The Yellow-Bellied Sapsuckers (Nikki Grossman and Joe Hart) evoke a sound and style reminiscent of the 1920s and 1930s.

Soaring Sapsuckers

The Yellow-Bellied Sapsuckers are gearing up for their next record, a follow up to 2015’s fantastic “Ocooch Mountain Music,” and the duo plans to work with a man who looms pretty large in the history of recording.

He might not be a household name like Kenny Rogers, but John Wood helped develop modern sound recording techniques and worked as a recording engineer or producer for bands including Pink Floyd, Squeeze, Loudon Wainwright III, the Incredible String Band, Nick Drake, Nico, Fairport Convention (and post Convention work by band members Sandy Denny and Richard and Linda Thompson). Neil Innes, a pal of the Monty Python troupe who was a member of the Rutles band (a Beatles parody), even did a documentary spotlighting Wood’s groundbreaking work called “The Parts You Don’t Hear: The Untold Story of Sound Techniques.”

Wood lives and works in Scotland these days, but thanks to modern technology, The Sapsuckers (Joe Hart and Nikki Grossman) won’t have to go to Scotland to get the chance to have Wood put his imprint on their work. A couple weeks ago, they made some rough recordings at a studio at Driftless Books and Music in Viroqua operated by Wisconsin Roots Music Co-op, a collaboration of area musicians banding together to work on marketing and other aspects of the music business.

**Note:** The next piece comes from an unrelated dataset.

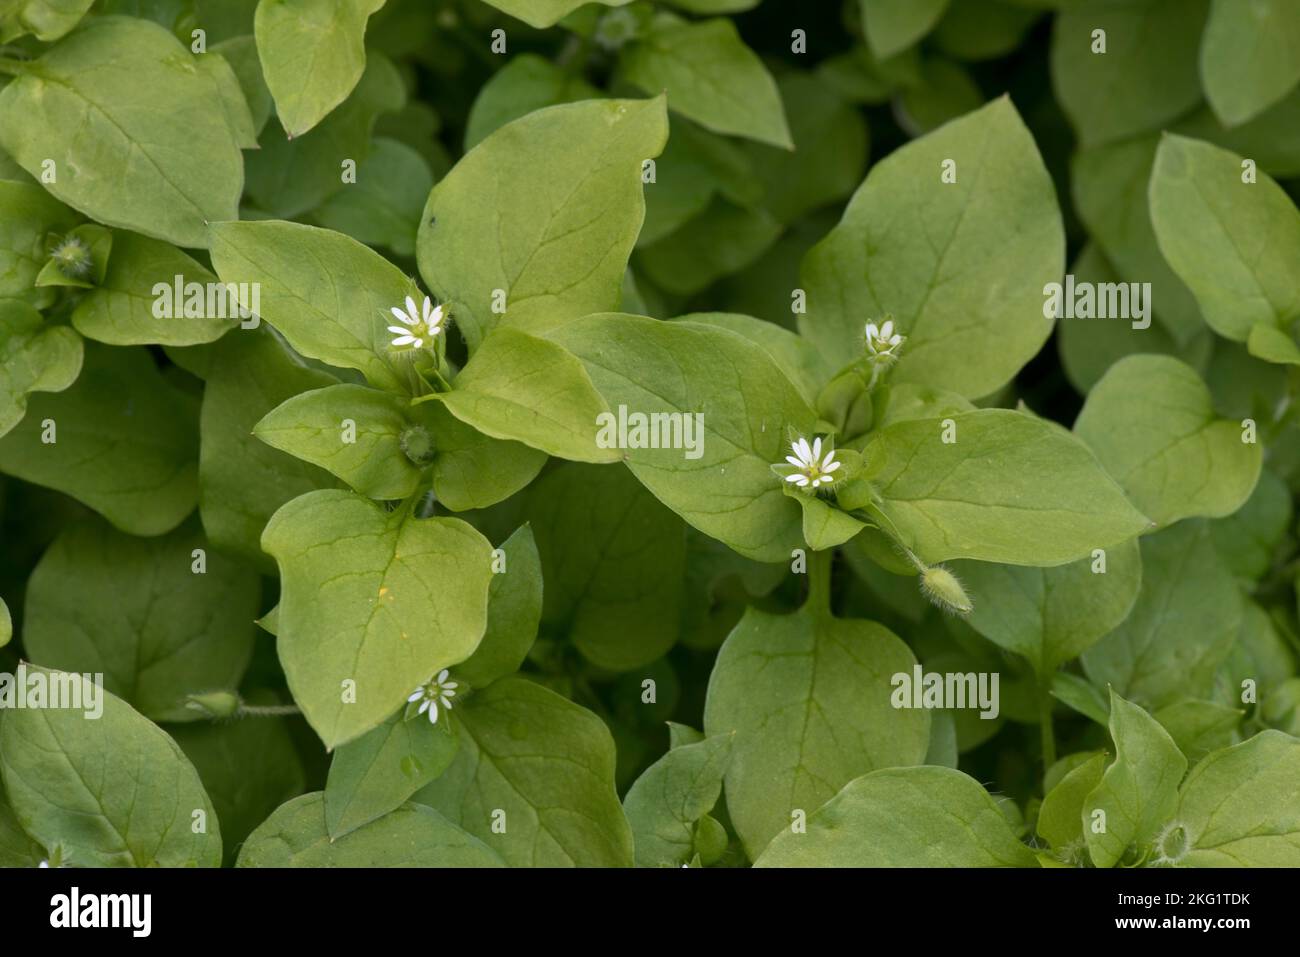 Plante herbeuse annuelle à fleurs de l'herbe commune (Stellaria media), avec de petites fleurs parmi les feuilles vertes, Berkshire, septembre Banque D'Images

Hart said they’ll send basic recordings of 15 or so songs to Wood, “mainly so John can hear them and give us direction for arrangements on the songs and help shape the album as an album, if that makes sense,” he said. “I know in this Spotify world that’s a bit of an anomaly, but I think there are people out there who still love the album format, and we are going to press vinyl for sure, and that’s a big part of the vinyl experience.”

After getting input on the demos from Wood, Hart and Grossman plan to record in the Twin Cities with producer and friend Tom Herbers and a small platoon of other fantastic musicians. “It’s so fun to have so many awesome people on board,” Hart said.

They’ll send those tracks to Wood for mixing. “We’re really going for a balance between a true, authentic, live sound, like our last album, and a more polished studio approach,” he said.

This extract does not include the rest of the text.